Средний был страстен, зол. Он любил, если и не меня, то математику. Старший же любил лишь то, название чего мне неинтересно. Свою жену, например, властную и себялюбивую, которая с пеленок знала, как правильно жить, а слово "не знаю" не знала. Возможно, мой кумир тоже нуждался в авторитете.
Но я поставил на него. Быть может, даже проиграл. Хотя с братьями какой проигрыш? Но решимость ставки в любом случае важнее, чем выигрыш. К тому же в таких делах всегда ставят, как правило, не на того.
Средний дразнил меня: "От Коли ни возьмись..." Откуда я знал, что это Крылов? Я страдал. Он веселился. Я любил. Он, похоже, любил тоже.
В мрачном послесловии моей жизни, быть может, именно этот брат есть мой главный, не только родственно, но душевно близкий герой. Но кумиром был другой. И это никому не в укор и не в заслугу. Просто место это есть, и оно должно быть занято.
Кроме
Зимой у меня обнаружили порок сердца, следствие перенесенного на ногах гриппа. Три месяца пролежал я в постели, не чувствуя даже легкого недомогания, каждую минуту мечтая вскочить и пробежаться по комнате.
Комната, в которой я лежал, была длинная и темная. Угол у печки отгораживался вишневой занавеской с белыми цветами. За ней стояла изъеденная жучком фисгармония. Как раз перед болезнью я упросил родителей забрать ее у соседей, собиравшихся выбросить инструмент на чердак.
Музыка представлялась мне чем-то вроде темного моря, в котором я хотел плыть, не мечтая о береге, успокоении и участии человека. Да, я хотел отказаться от всякого человеческого участия, я чувствовал в себе силы быть свободным, я, которого обещали привязать к постели веревками, если я попытаюсь еще хоть один раз покинуть постель без разрешения.
Скорее всего, именно тогда я был близок к истине, хотя дело закончилось средним музыкальным образованием, бренчанием на гитаре в утомленной к утру компании, а путь оказался усеян подавленными гроздьями всяческих отношений. Но это другая история.
Так вот, по ночам из-за вишневой занавески ко мне выходил глиняный лысый доктор. Он подолгу разговаривал со мной, брал меня за руку, и мне казалось, что этот огромный улыбающийся доктор влечет меня к смерти.
Ключ ко многим фантазиям и видениям детства утерян навсегда. Не знаю, почему это был доктор, почему он был глиняный. Да и глиняный ли? Если и глиняный, то до обжига глины, пока она еще легко поддается деформации: собрать морщинки на лбу, улыбнуться, совершить плавное движение кистью руки. Нет, он был, конечно, живой, не глиняный. Но вот почему я боялся его? Ведь он был добр...
Был еще в детстве я сам по себе, и этого было больше всего. Ну, может быть, не совсем сам по себе, потому что ощущение, что я исполняю чью-то волю, никогда в детстве не покидало меня (позже, напротив, эти состояния надо было ловить). О Боге я, разумеется, имел самые смутные представления, но, вероятно, речь идет о Нем. Однако это был все же я сам, даже слишком сам, если иметь в виду, что, пусть смутное и не выраженное, представление о существовании высшей воли в меня все же было вложено.

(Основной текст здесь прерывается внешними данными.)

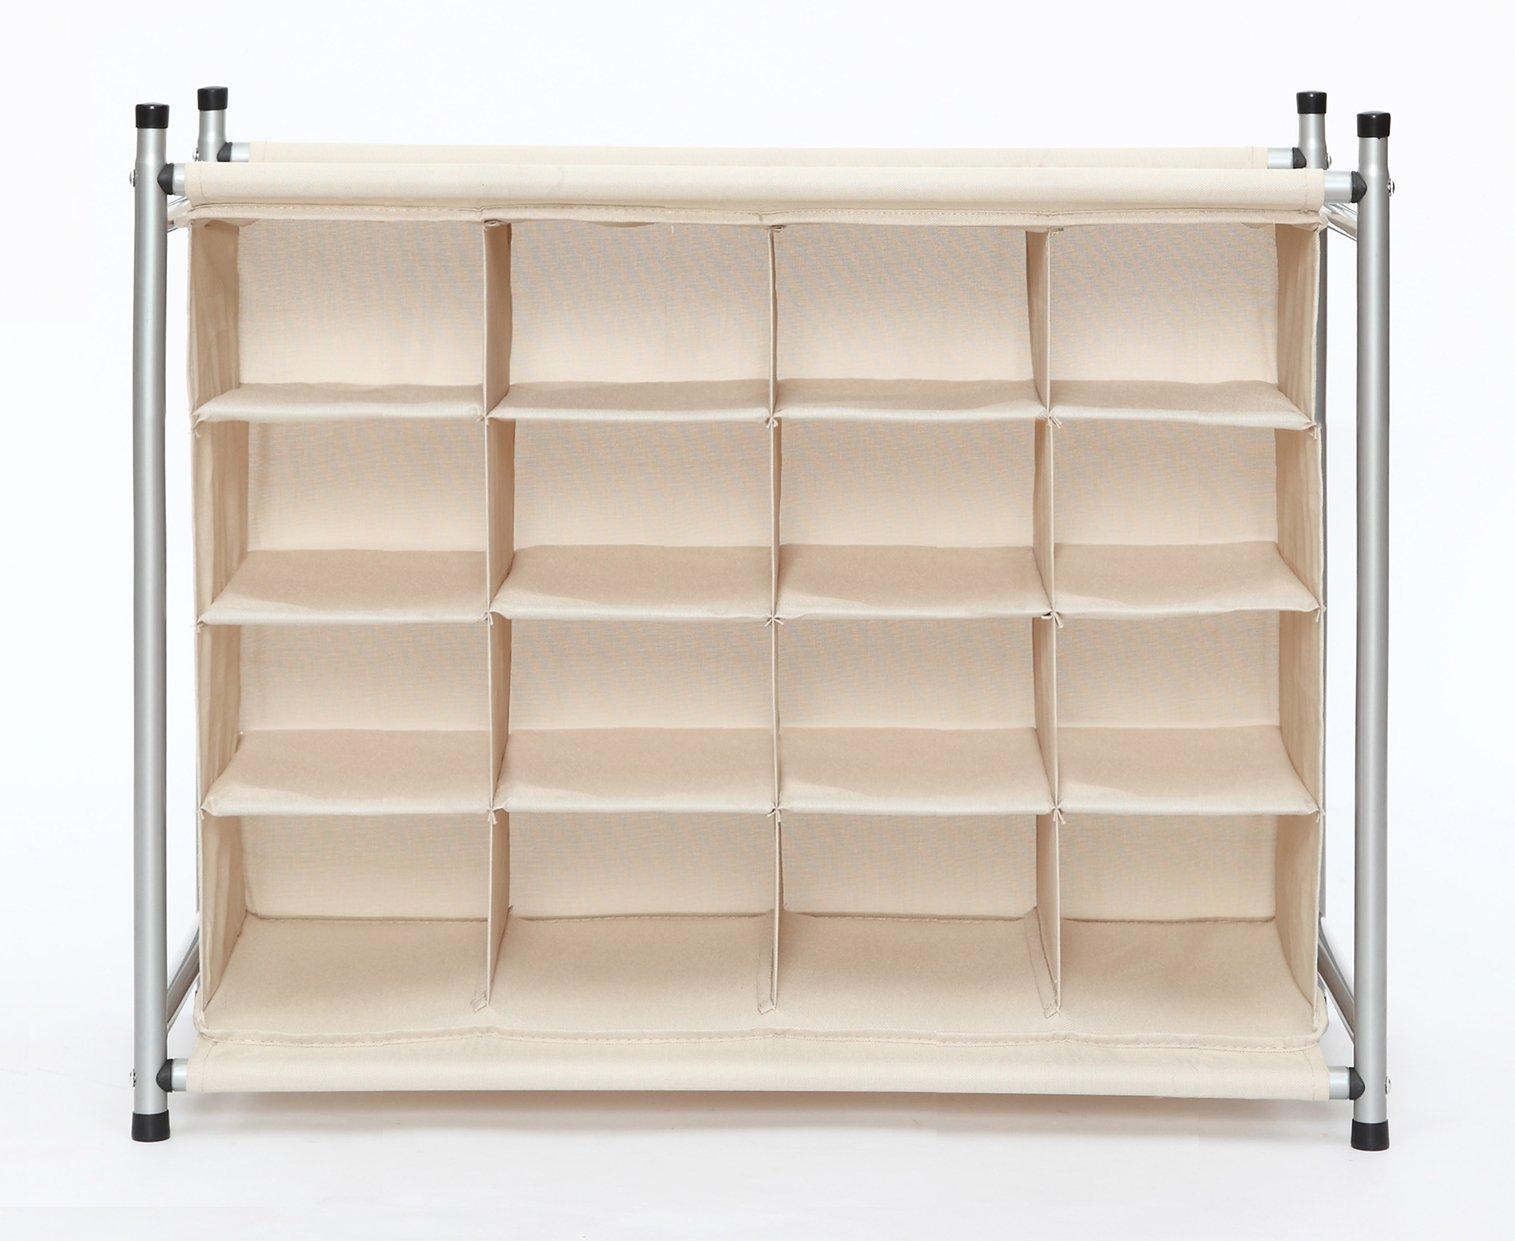 STORAGE MANIAC 4-Tier 16-Cube Stackable Shoe Rack Organizer, Free Standing Shoe Storage Cubby, Beige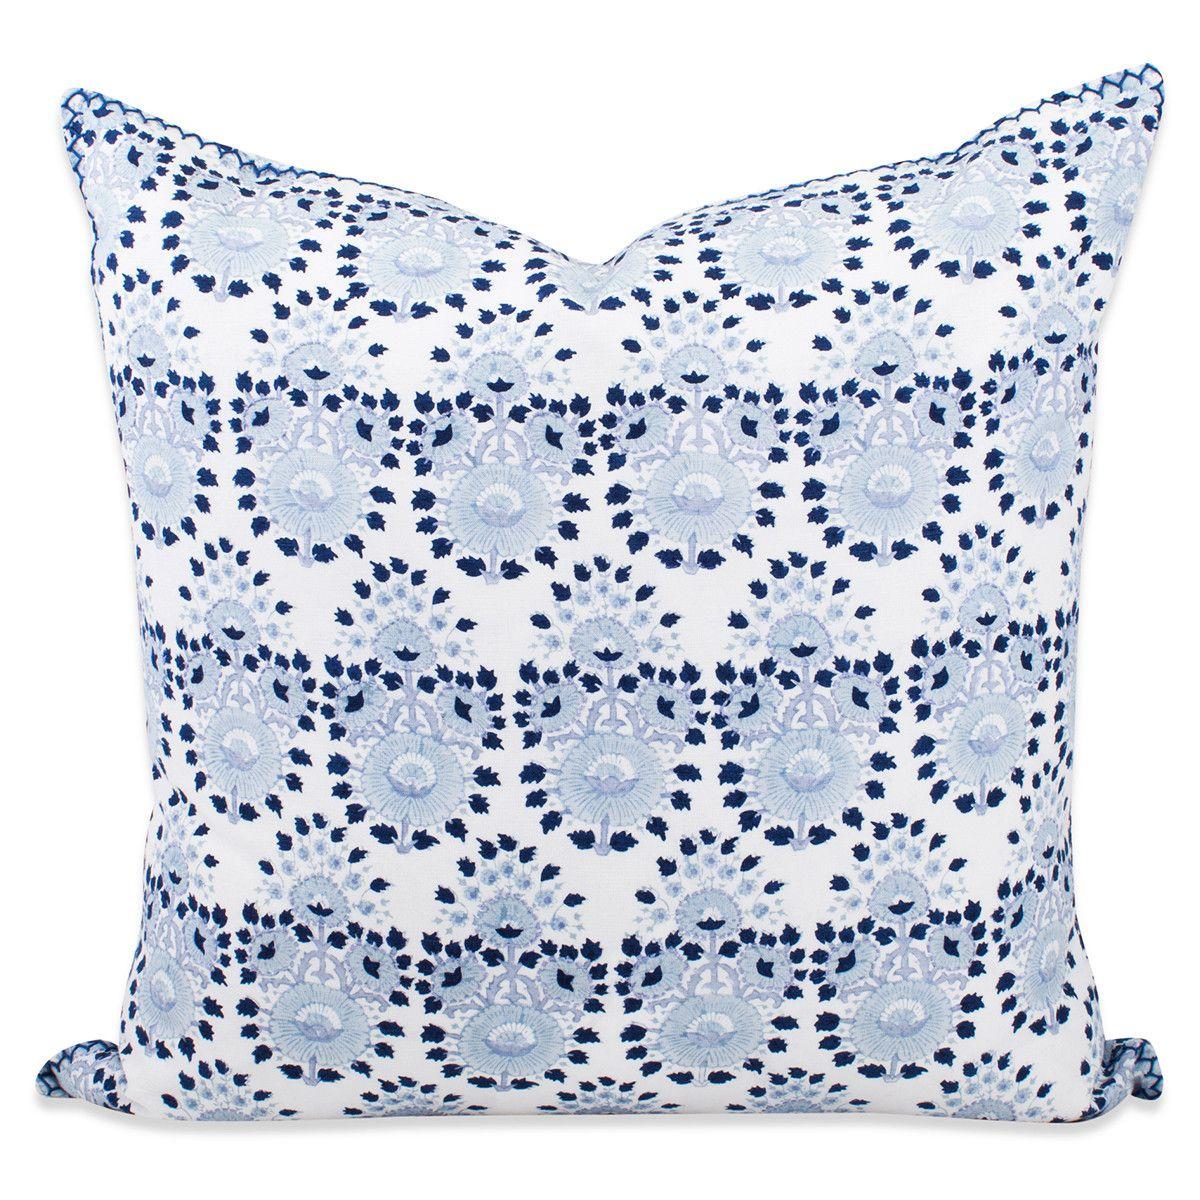 john robshaw diwan pillow indian textiles

Я, разумеется, чтил того, кто придумал жизнь и меня в ней. Но если Бог скажет "нет", когда я всей силой своей интуитивной убежденности уже успел сказать "да", то, значит, он просто ошибся. Он остается все равно Бог, но ведь всякое бывает. А я все равно буду жить так, как я живу. Не потому, что я больше Него знаю, а потому что именно Он так мне положил.
Может быть, забыл?.. У Него и так дел много. Но я ведь и шепот слышу.
Воспитывать бы детей так, чтобы в тисках воспитательской суровости их глаза покрывала не злость и обида ущемленного, а чтобы расцветала в них мечта о летнем ветре и видение необъятного простора, который они преодолеют, когда наконец отпустят.